April 4, 2017

Finest Hour 175, Winter 2017

Page 04

By David Freeman, January 2017


Winston Churchill was surrounded by strong women all his life, from the day he was born until the day he died. This can easily be overlooked, given that his professional career took place at a time when politics was all but exclusively the realm of men. Yet Churchill absolutely required the nurturing, the example, and the strength of mind that the women in his life provided. In this issue we look at some of the key women in the life of the Greatest Briton.

Churchill’s story begins with his mother Jennie Jerome. Bright and beautiful, Jennie was frustratingly constrained by the conventions of her time. Anne Sebba examines how Jennie attempted to be an independent woman. Constrained himself as a child by the customs for raising the children of the well-to-do in Victorian Britain, Churchill received the attention he desperately needed from his beloved nanny. Katherine Barnett tells the story of the blessed Mrs. Everest.

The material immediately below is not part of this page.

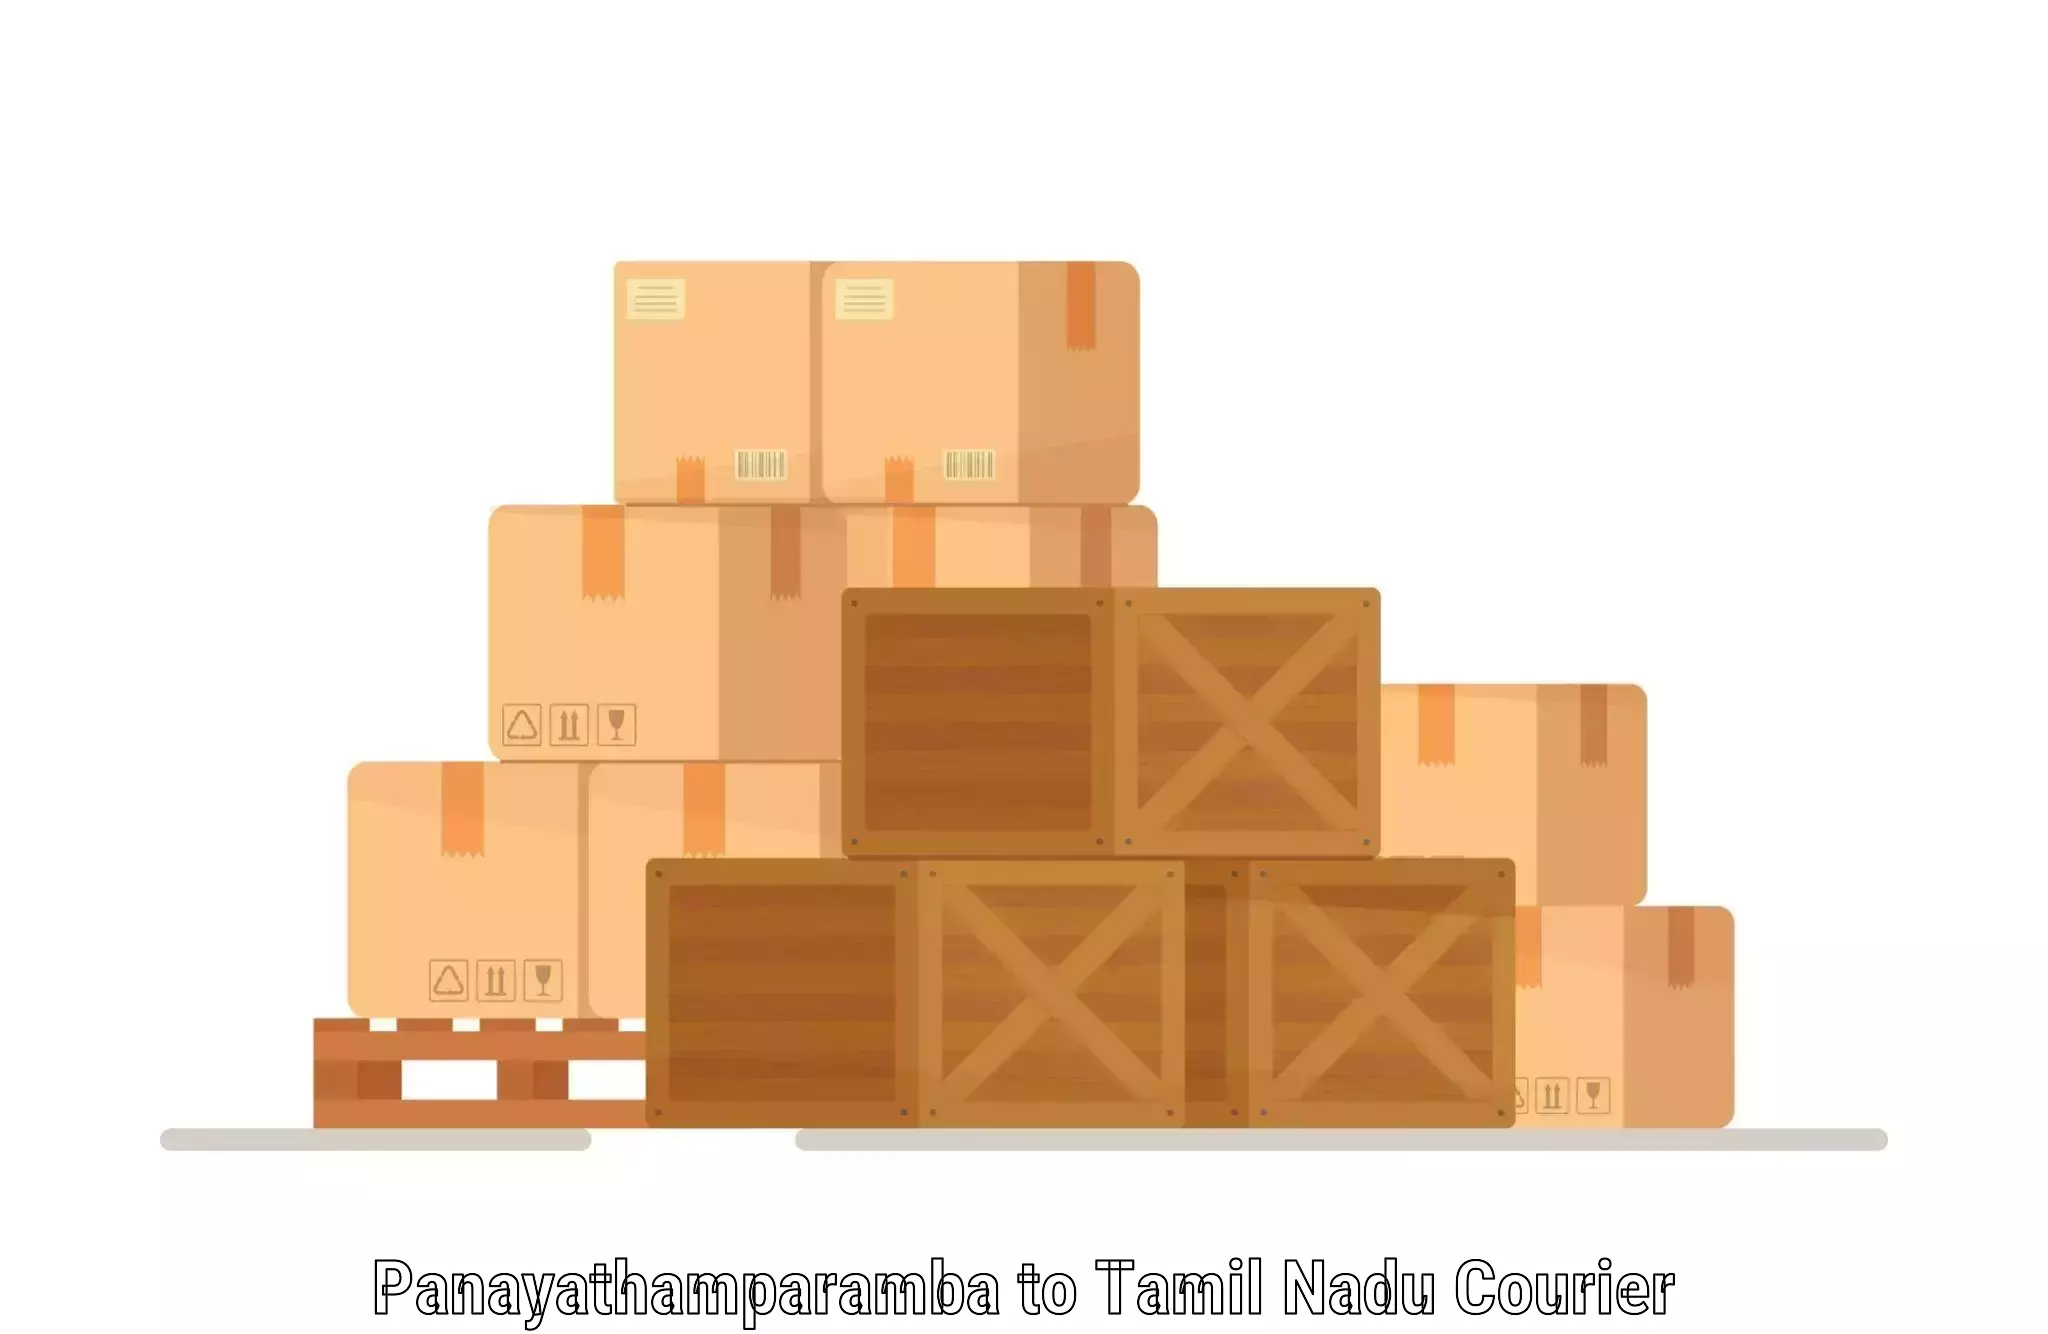 Doorstep delivery service Panayathamparamba to Tamil Nadu

As a young man, Churchill’s first efforts at finding a wife did not meet with success. In Pamela Plowden, however, he did find a lifelong friend, as Fred Glueckstein explains, and one who could still be counted on to support both Winston and Clementine during the darkest times, as Timothy Riley discovered.

The most important Churchill woman of them all, though, was of course Clementine née Hozier. How her remarkable marriage to Winston came to be is related by Sonia Purnell. Not surprisingly, two such strongwilled people had an equally strong-willed daughter. The recent opening of the Sarah Churchill Papers has enabled Catherine Katz to begin taking a fresh look at the child her parents nicknamed the “mule.”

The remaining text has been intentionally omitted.